Keyboard shortcuts

Press or to navigate between chapters

Press S or / to search in the book

Press ? to show this help

Press Esc to hide this help

RMSNorm (Normalization)

Rescales a vector to have roughly unit variance. This prevents numbers from growing too large or too small as they pass through multiple layers:

function rmsnorm(input: Value[]): Value[] {
  const ms = vsum(input.map((xi) => xi.mul(xi))).div(input.length);
  const scale = ms.add(1e-5).pow(-0.5);
  return input.map((xi) => xi.mul(scale));
}

It computes the root mean square of the vector, then divides each element by it. The 1e-5 prevents division by zero. For example:

input = [3.0, 4.0]

mean of squares:  (9 + 16) / 2 = 12.5
root mean square: √12.5 ≈ 3.54
divide each:      [3.0 / 3.54, 4.0 / 3.54] ≈ [0.85, 1.13]

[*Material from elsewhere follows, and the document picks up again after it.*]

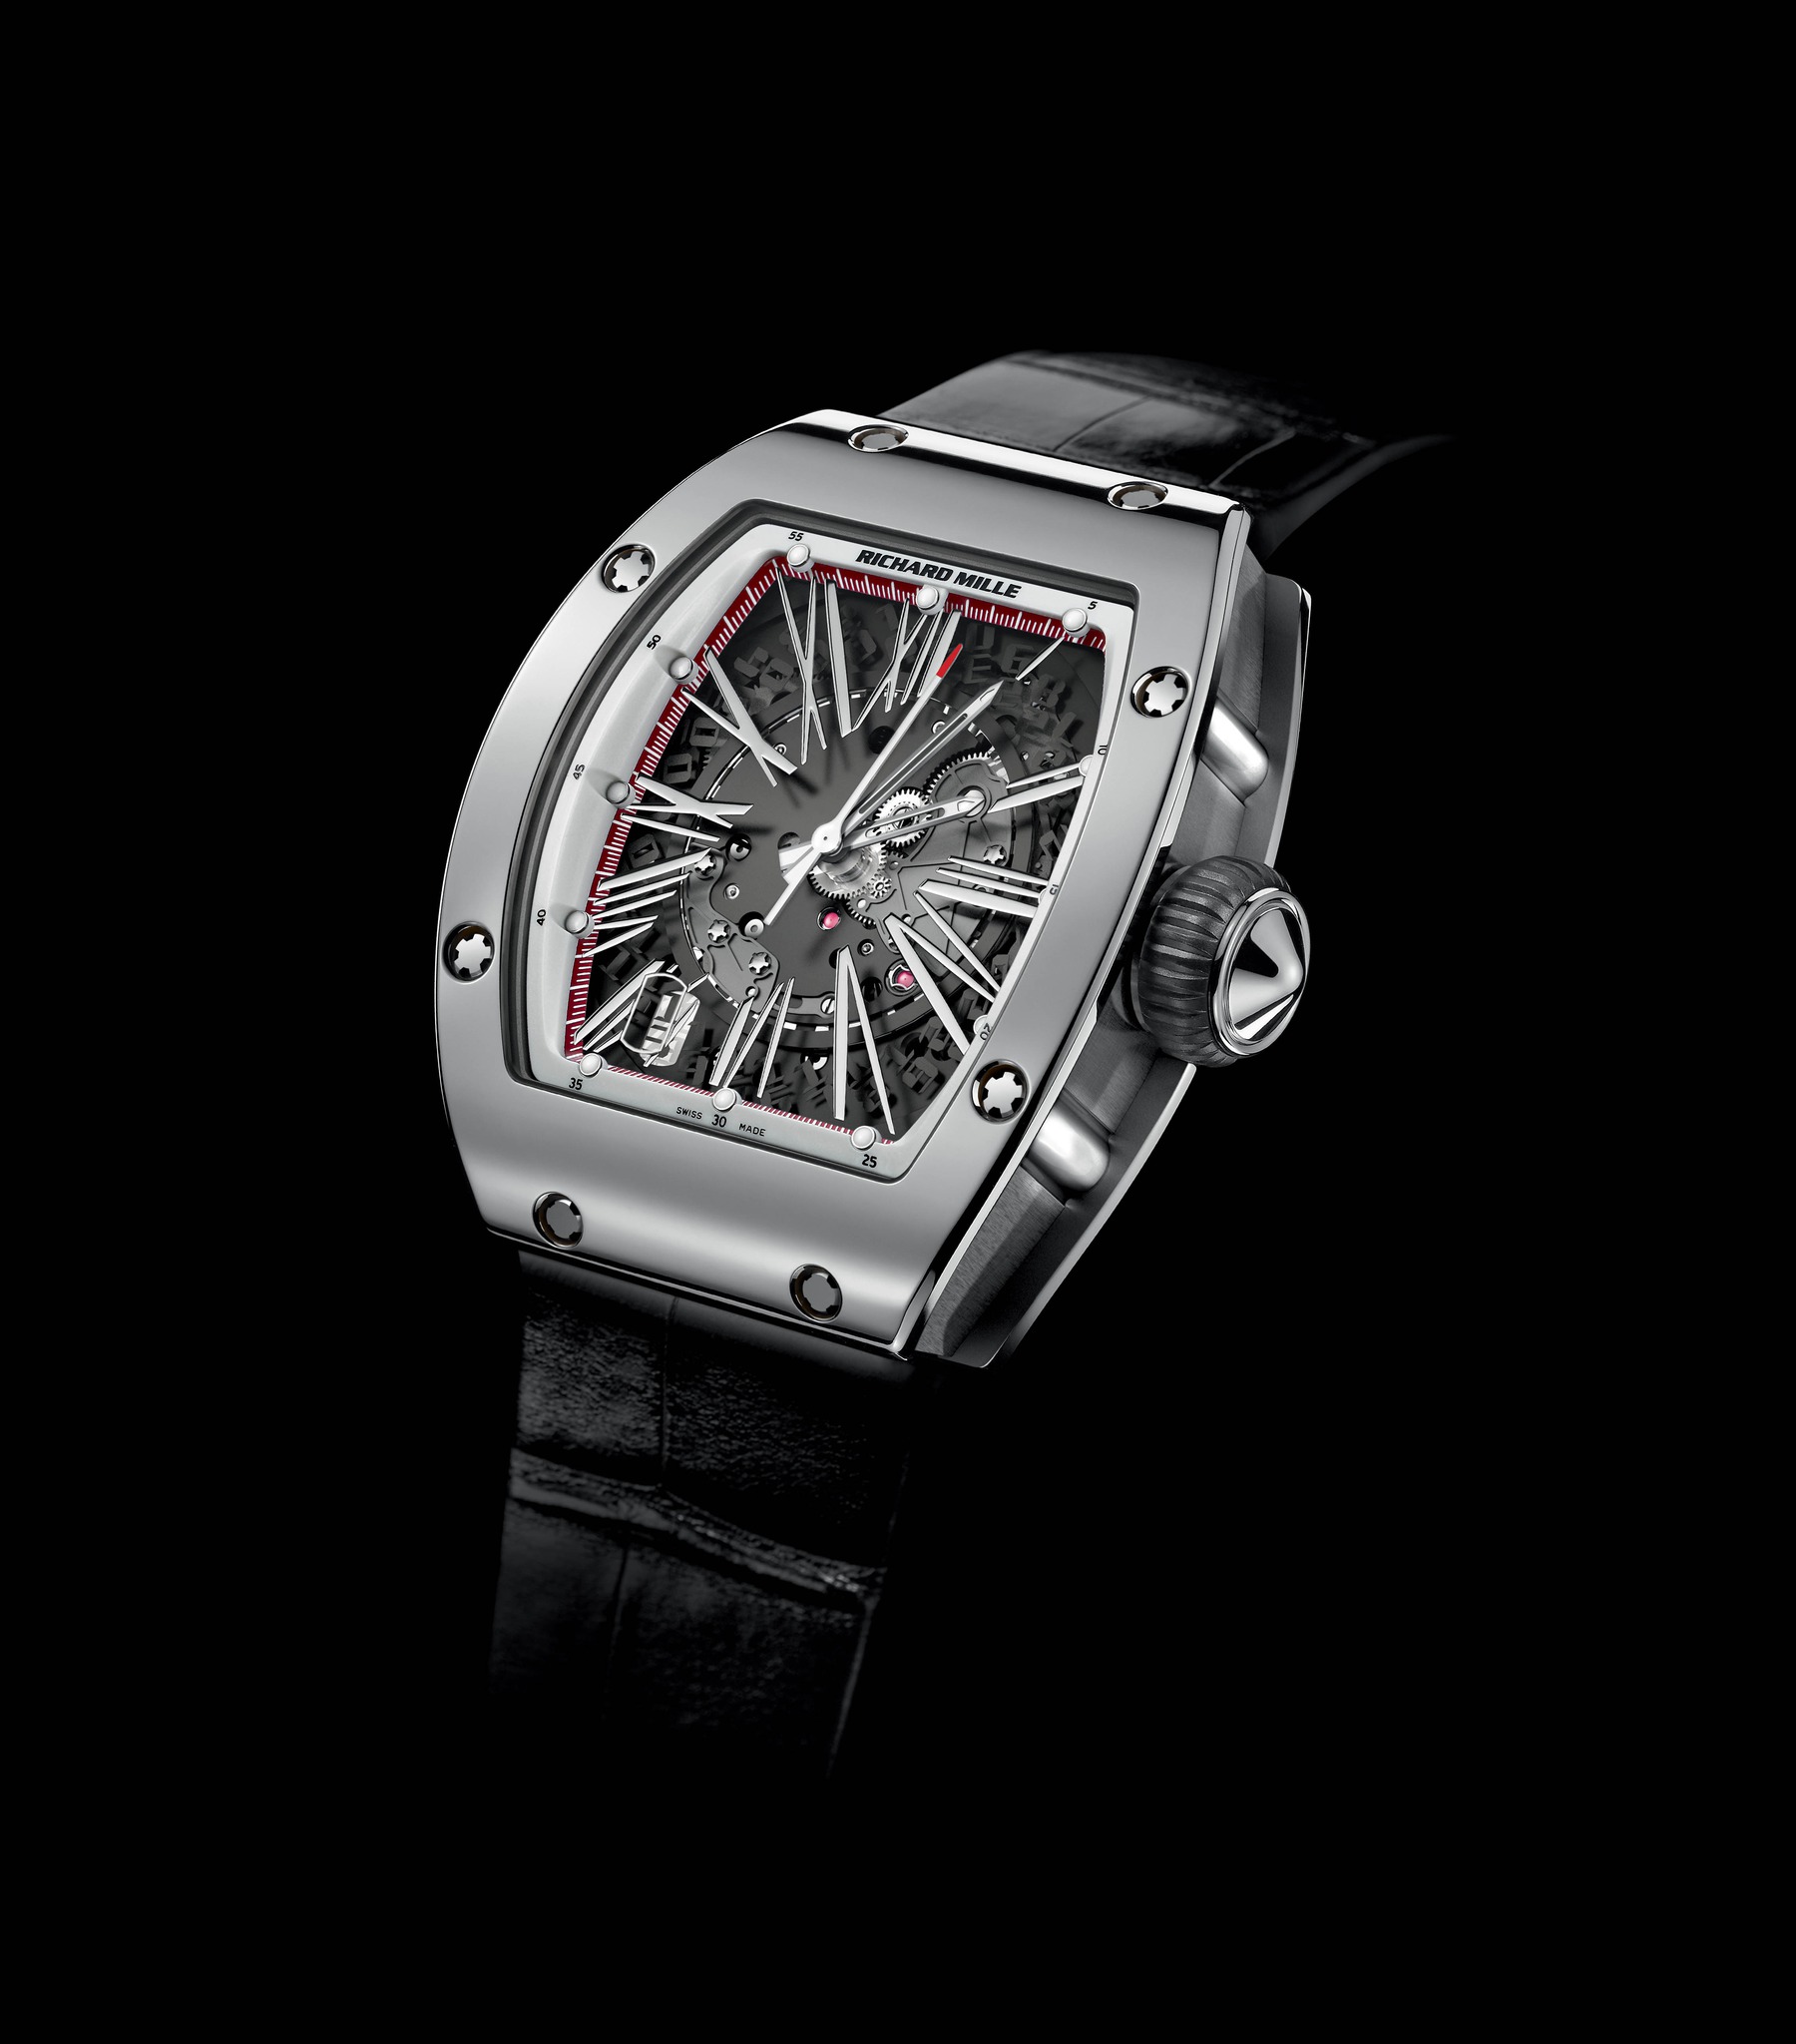 Replica Richard Mille RM 023 Automatic White Gold Watch

The values have been rescaled so they sit near 1, but their relative proportions (3:4) are preserved. Without normalization, activations can explode or vanish across layers, making training unstable.

Real RMSNorm includes a learnable per-element scale parameter (gamma) that lets each dimension adjust its magnitude after normalization. We omit it for simplicity; our model trains fine without it at this scale.

Summary

These three primitives (linear, softmax, and rmsnorm) are the building blocks the model assembles in the next chapter. Each one is built entirely from Value operations, so the autograd engine can compute gradients through all of them.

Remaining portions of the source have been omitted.